Bernardino
da Silva Moreira
> Espiritismo e Eugenia
Foi em 1883 que o médico
inglês, Francis Galton (1822-1911), cunhou o termo eugenia,
precisamente na obra Inquéritos em Faculdade Humana
e seu Desenvolvimento, mas a ideia já era conhecida
do francês, Joseph Arthur de Gobineau (1816-1882), uma mistura
de diplomata, escritor e filósofo. Aliás, até
mesmo Platão (427 a.C.-347 a.C.) falava que a sociedade humana
se aperfeiçoaria por processos seletivos, (é só
conferir em República) e esta prática também
já era encontrada entre os espartanos, que eliminavam os recém-nascidos
que apresentassem deficiência, principalmente as mulheres.
Foi com o Ensaio sobre a desigualdade das raças humanas (1855),
de Gobineau, que a eugenia e o racismo voltaram com plena força.
Para ele, a mistura de raças, isto é, a miscigenação
era inevitável e levaria a raça humana cada vez mais
a uma degenerescência física e intelectual. É
atribuída a ele a frase:
"Não creio que
viemos dos macacos, mas creio que vamos nessa direção."
Em 1869, Gobineau, em sua segunda missão diplomática,
vem ao Brasil. Tal qual Carlota Joaquina (1775-1830), faz pouco caso
do país, mostrando uma animosidade registrada nas palavras:
"Mas se, em vez de se reproduzir entre si, a população
brasileira estivesse em condições de subdividir ainda
mais os elementos daninhos de sua atual constituição
étnica, fortalecendo-se através de alianças de
mais valor com as raças europeias, o movimento de destruição
observado em suas fileiras se encerraria, dando lugar a uma ação
contrária."
Em 1870, volta para a França, levando apenas de bom a amizade
que fez com D. Pedro II.
As teorias racistas de Gobineau, alimentadas pelo sonho utópico
da raça pura, seriam questionadas por Kardec (1804-1869) e
os Espíritos superiores que o secundavam, dois anos depois:
Do ponto de vista físico, são de criação
especial os corpos da raça atual, ou procedem dos corpos primitivos,
mediante reprodução?
"A origem das raças se perde na noite dos tempos.

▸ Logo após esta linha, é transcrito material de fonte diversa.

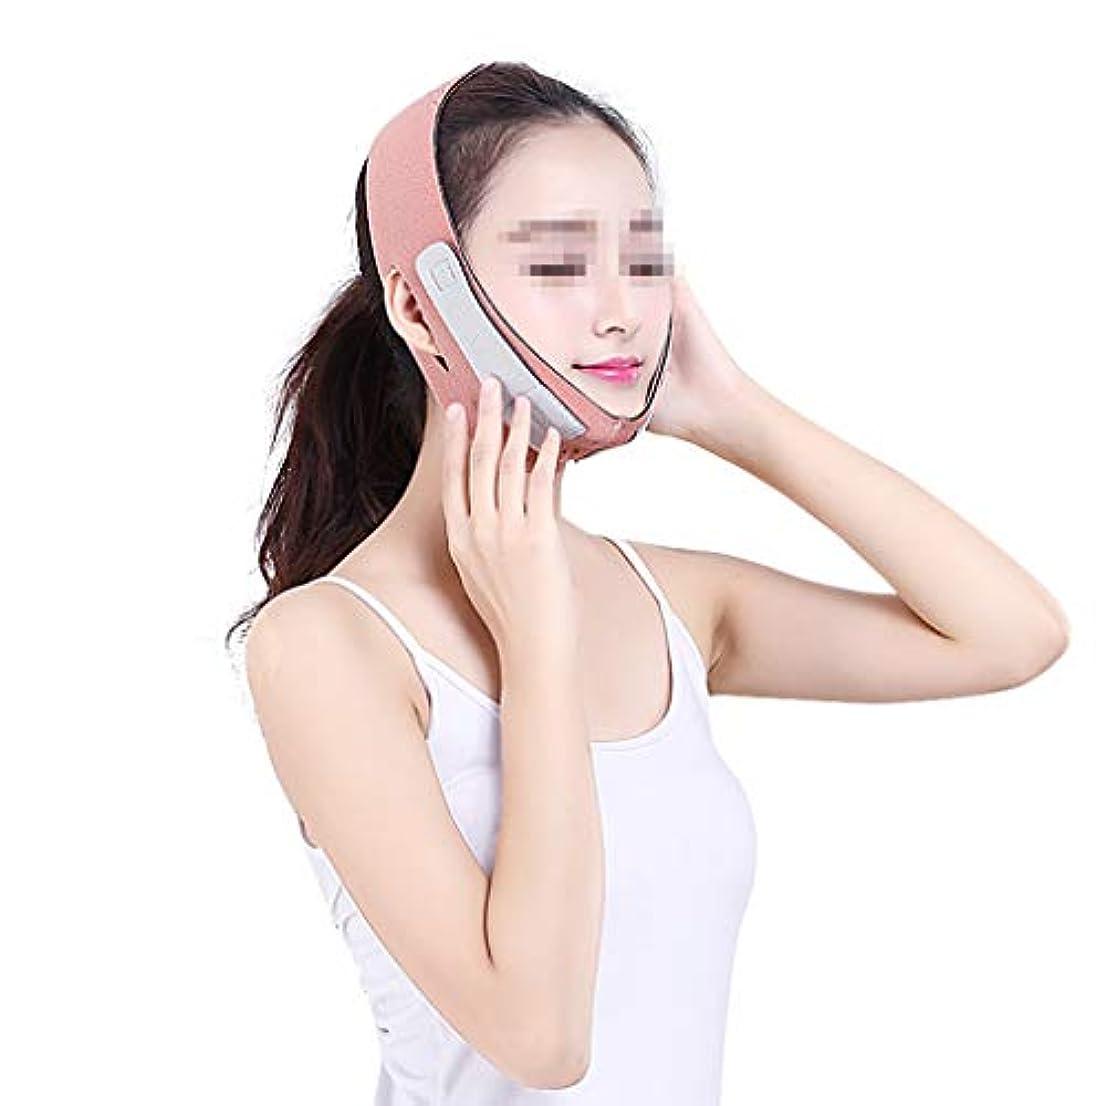 プラグ耳侮辱XHLMRMJ 顔の持ち上がる睡眠のV顔の包帯、マスクの顔の顔のマッサージャーのあごの顔の持ち上がる顔の持ち上がる顔の持ち上がる機械
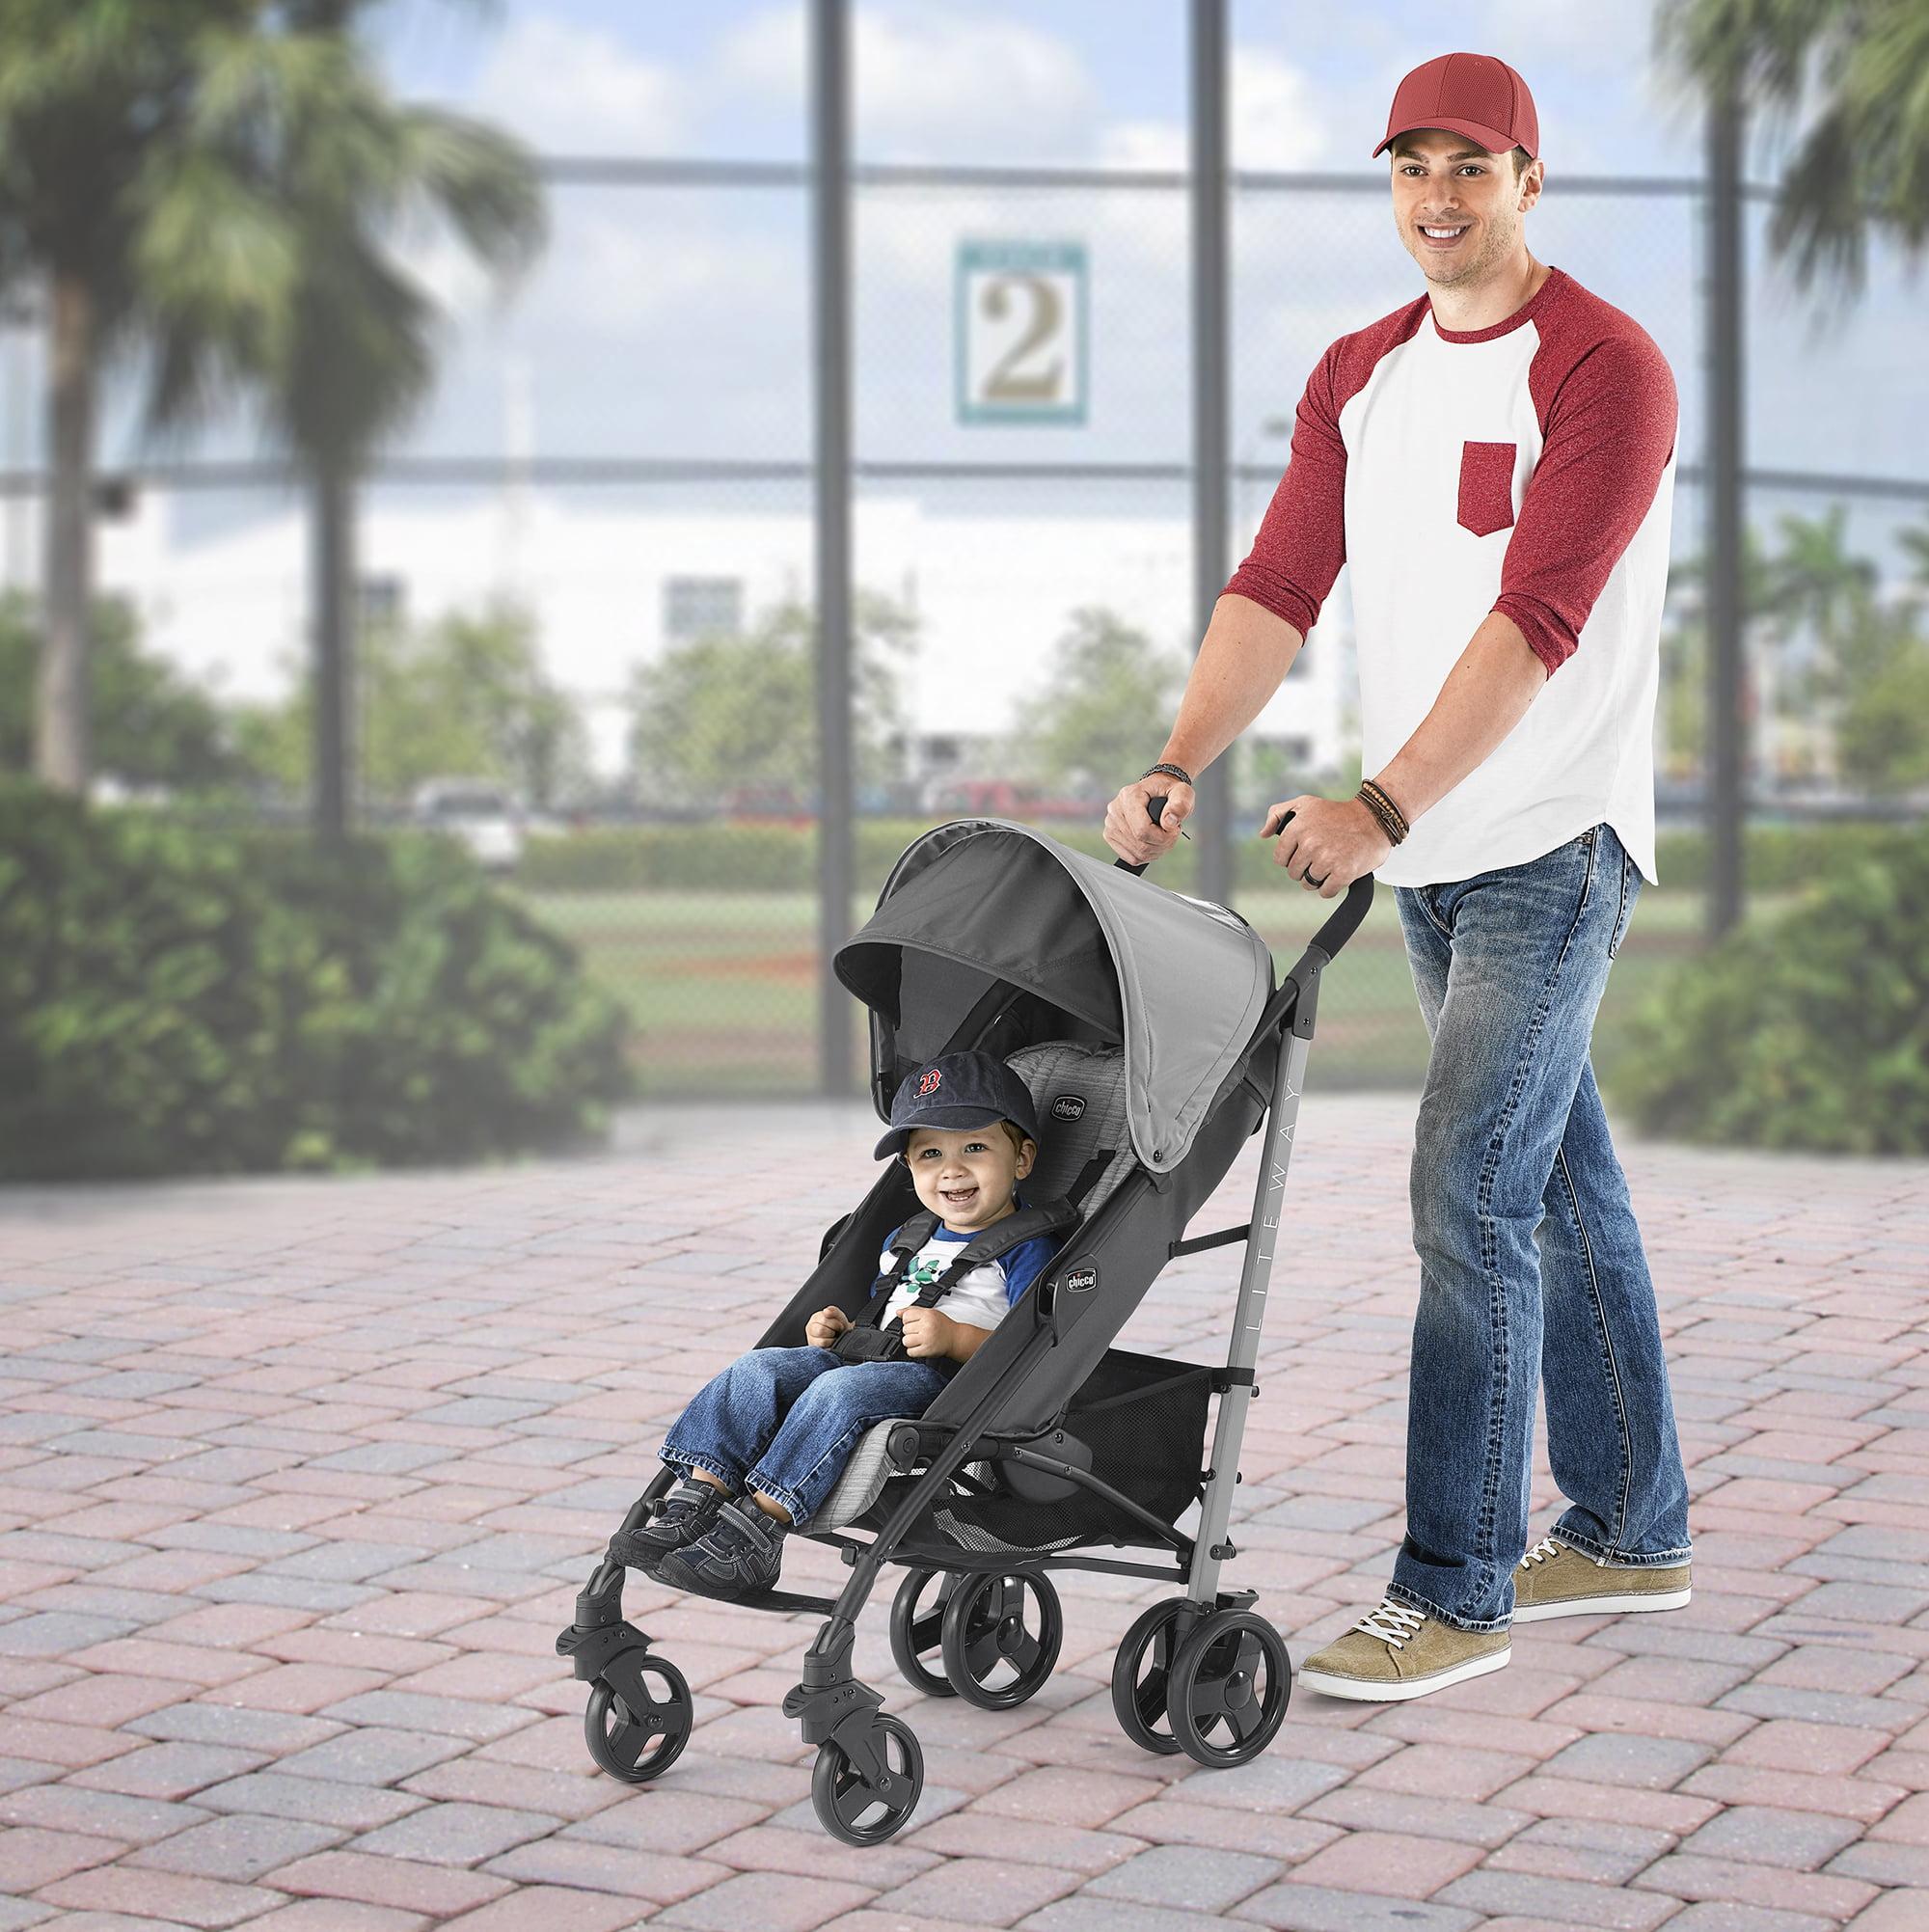 2f5ebf42c1d Chicco Liteway Stroller - Fog - Walmart.com

Mas, como pertencem todas à grande família humana, qualquer
que tenha sido o tronco de cada uma, elas puderam aliar-se entre si
e produzir tipos novos." (Questão
690 de "O Livro dos Espíritos").
Se Gobineau pudesse ter lido "A origem das espécies",
de Charlie Darwin, (1809-1882) quatro anos depois, antes de escrever
o Ensaio sobre a desigualdade das raças humanas, talvez não
tivesse dito tanta besteira.
Fazendo apologia da antropologia criminal, da antropometria e da frenologia,
o baiano e antropólogo, Nina Rodrigues (1862-1906), fervorosamente
defende o racismo com unhas e dentes e, no ano da abolição
da escravatura, escreve desdenhosamente:
"A igualdade é falsa, a igualdade só existe
nas mãos dos juristas".
Essas batatadas estão inseridas em "Os africanos
no Brasil (1894)". Lamentavelmente, Nina Rodrigues
e Gobineau faziam um dueto afinadíssimo: para eles, o negro
e os mestiços se constituíam na causa da inferioridade
do Brasil. Ainda bem que o Espiritismo também chegou, no séc.XIX,
e defendeu a justiça, a igualdade e a fraternidade, com a mesma
veemência desses dois ilustres racistas. É só
conferir a questão 689 de "O Livro dos Espíritos".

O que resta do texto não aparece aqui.